The UK’s Lullaby Trust has guidelines for how parents can make bedsharing as safe as possible, and in which situations a family should never bedshare – including after anyone in the bed has been drinking, smoking or taking drugs, if a baby was premature or low birth weight, or on a sofa or armchair.

This chimes with research on how the way we view our sleep can change our own energy levels. Less rigid expectations of sleep might not just help us relax and unwind at night but also help us feel less fatigued during the day, no matter how we slept the night before.

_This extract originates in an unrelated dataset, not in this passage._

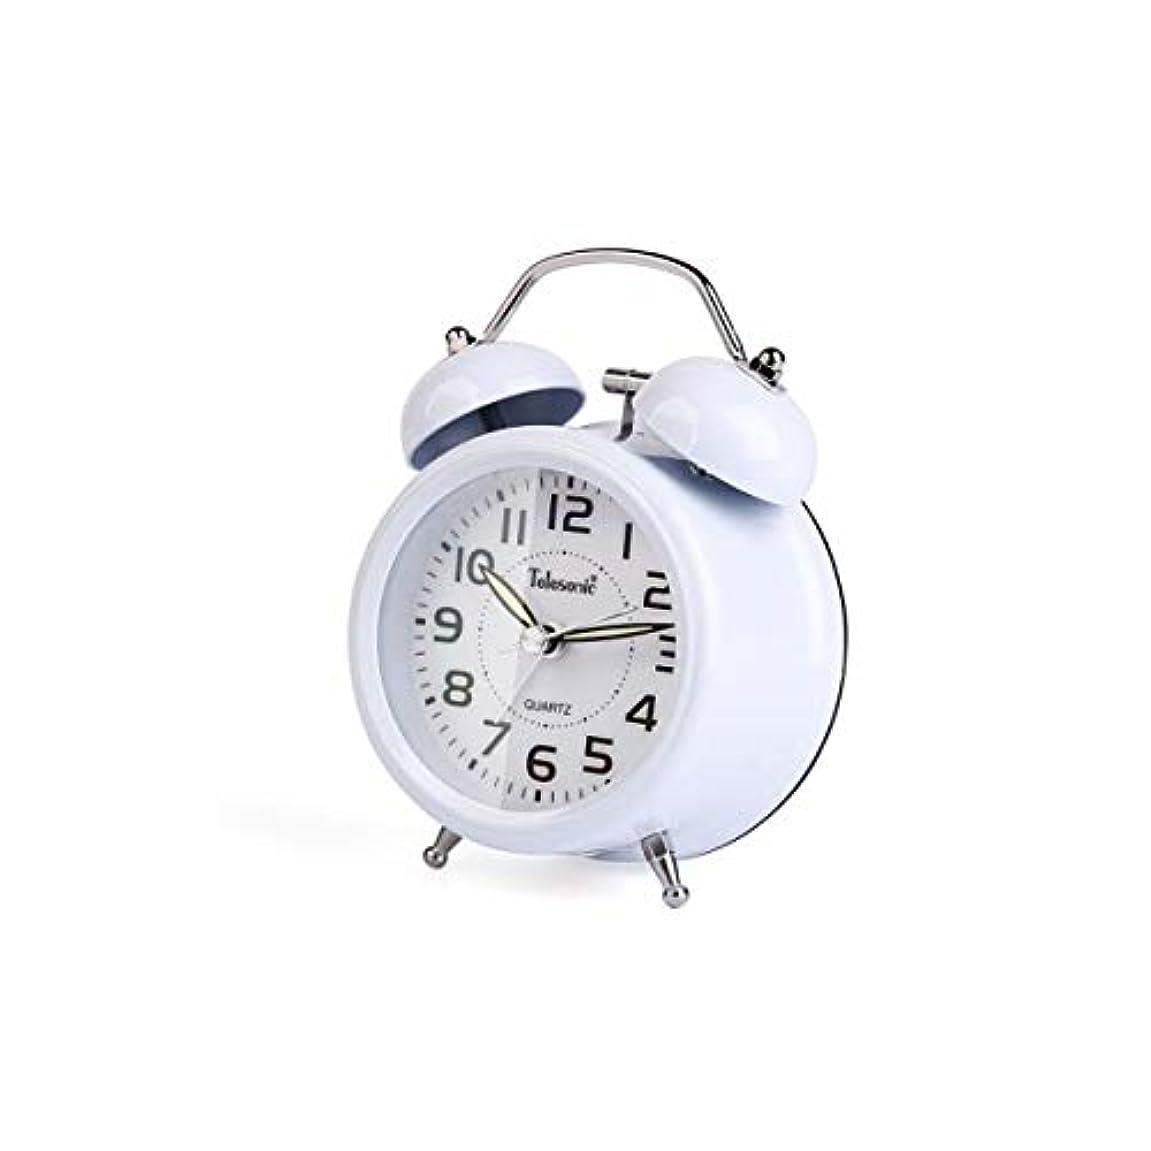 メロドラマボランティア適度にQiyuezhuangshi001 目覚まし時計、学生の目覚まし時計、シンプルで静かな、明るい時計黒、寝室のベッドサイド時計(11.8 * 5.5 * 15.8cm) 材料の安全性 (Color : White, Size : Three inches)

Since mothers who breast sleep are breastfeeding rather than using formula or pumping, their sleep quality may also feel improved due to the hormone prolactin, which spikes during breastfeeding and can make mothers sleepier. One study of 133 mothers found that breastfeeding parents got around 40-45 minutes more sleep than parents who used formula, for example, while another study on 120 mothers found that mothers who breastfed exclusively got about 30 minutes more sleep per night at one month postpartum.

Samson himself swears by this. He and his wife spent their daughter’s first three months struggling to get the sleep they needed until trying the same breastsleeping he’d witnessed with the Hadza, following public health guidelines about how to bedshare as safely as possible. “Our entire life changed,” Samson says. “She didn’t have to sit up, she didn’t have to wake up, she was just aware – oh, she’s feeding now – and then boom, back to sleep. And it changed everything.”

Not all studies have found that sleeping close to one’s infant improves a parent’s sleep. One study that followed 139 families across the first year of infancy, for example, found that mothers who shared a room or bed with their infant had more disrupted sleep than those who did not. Their babies, however, did not wake more. (Of course, it is hard to tease out cause and effect: it could be that more vigilant or anxious mothers, who also might wake more often, were more likely to want to keep their babies close during sleep rather than separate.)